It is a fact that the organisations under the umbrella of the CLMC did hand in ‘some’ weapons and in due course all their prisoners were released, including some of the most violent murderers in the history of the UK. However, for all their promises to ‘disappear’, they simply ‘morphed’ into criminality, bringing violence and misery to the residents of PUL areas. They became major players in the drug industry, controlling the price and availability of addictive substances, continuing their parody of Republican paramilitary post-Troubles activity in the extortion of local businesses. Just as companies in Nationalist areas were paying ‘protection money’ to the new IRA groupings, so too were their Protestant counterparts. One unnamed Loyalist told the author: ‘What about the poor bastard shop-keepers in the interface areas; did they have to pay both sides?’
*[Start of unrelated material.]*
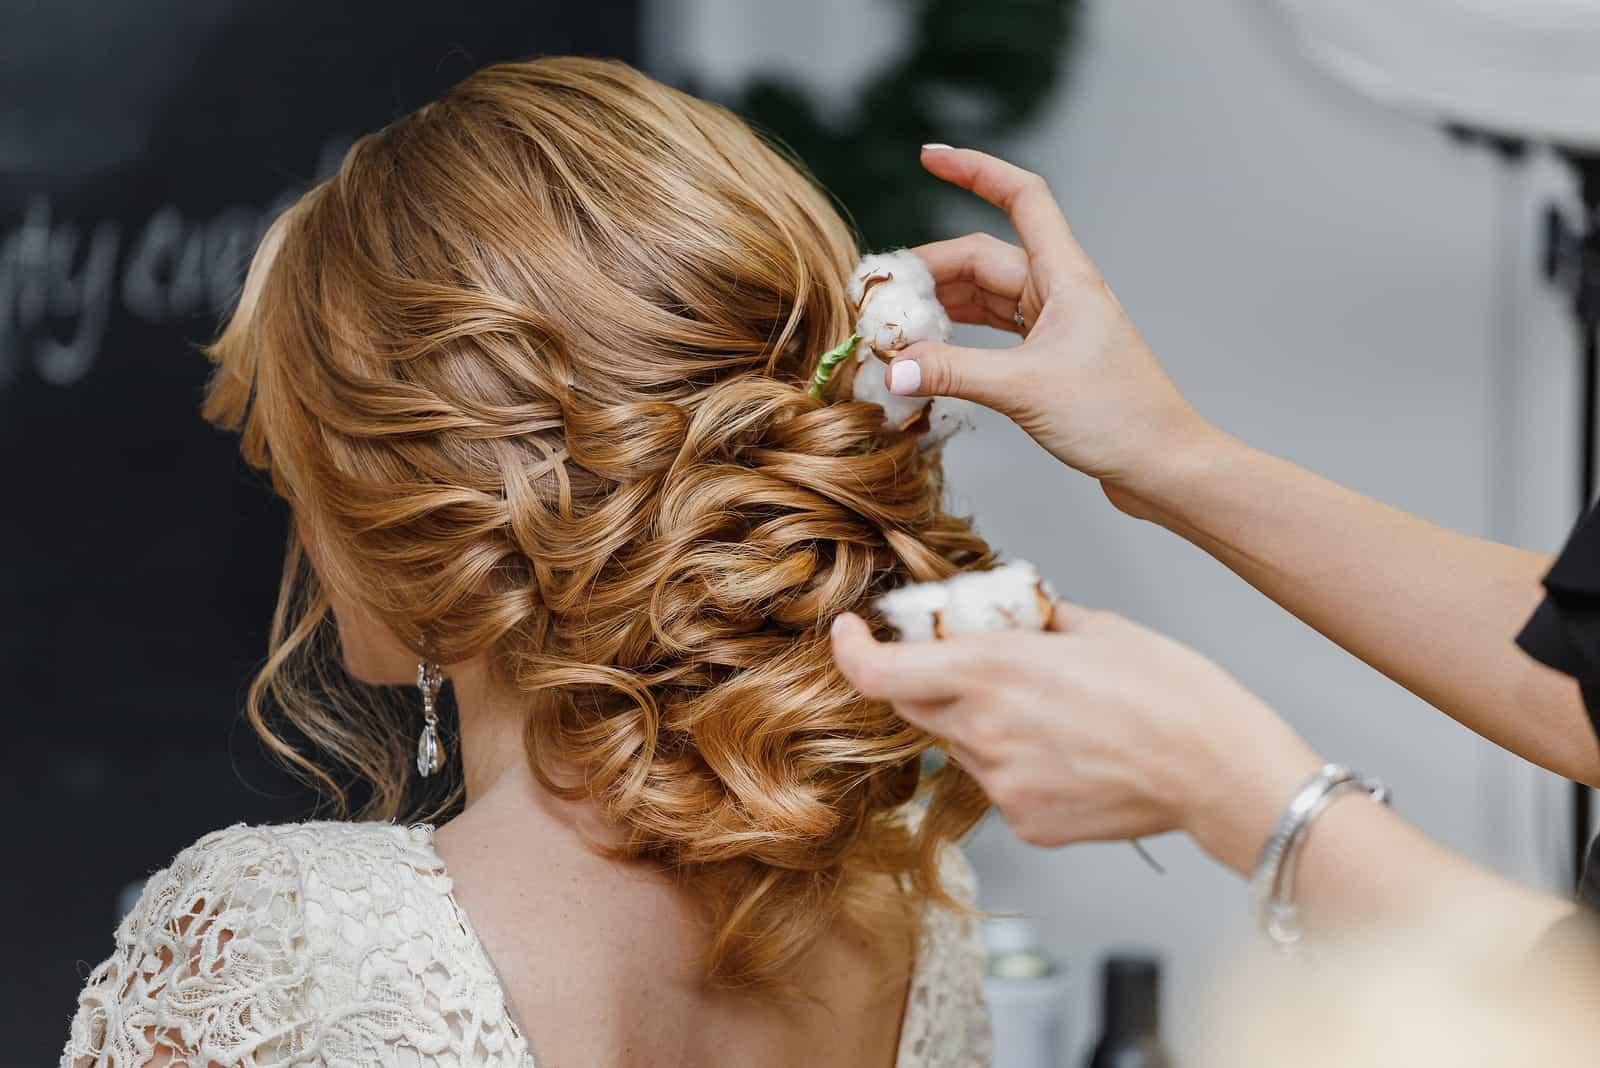 Florist macht die Braut eine Hochzeitsfrisur

Therefore, twenty years later, a spokesman for the CLMC, accompanied by a willing, acquiescent Protestant clergyman, speaking at a hastily arranged press conference, announced ‘again’ that they were going to put an end to criminal activity in ‘their’ areas; they promised to expel any members suspected of criminal behaviour. This startling admission begged the question: why, twenty years after their initial promises and assurances, were they repeating the same words, the same jargon? In the perhaps distorted view of many Loyalists, the British Government remain so fixated on the spectre of another Manchester or City of London ‘spectacular’ that they will buy into whatever both Loyalist and Republicans camps tell them. The accusation is that government will allow them as much latitude as they demand, pouring hundreds of millions of pounds into Ulster to keep the ‘peace’. Money has continued to be invested into so-called community groups that are little more than a front for the UVF/UFF on one side and Sinn Féin activists on the other. Disconcertingly, a 2016 PSNI investigation showed that the Provisional IRA still had an intact Army Council; this leadership group still had the final say in any activities or announcements for Sinn Féin. Moreover, it stated that PIRA still existed, with the other dissidents (DRs) been responsible for the murder of five members of the security forces and a prison officer in the post-Troubles era. In short, they – the Republicans – were practising and profiting from the very same criminal activities in which their Loyalist counterparts were engaged. There are areas in West Belfast, Londonderry and Lurgan that are almost totally under the control of the respective paramilitaries; in those parts of Northern Ireland, they represent ‘law and order’, not the PSNI.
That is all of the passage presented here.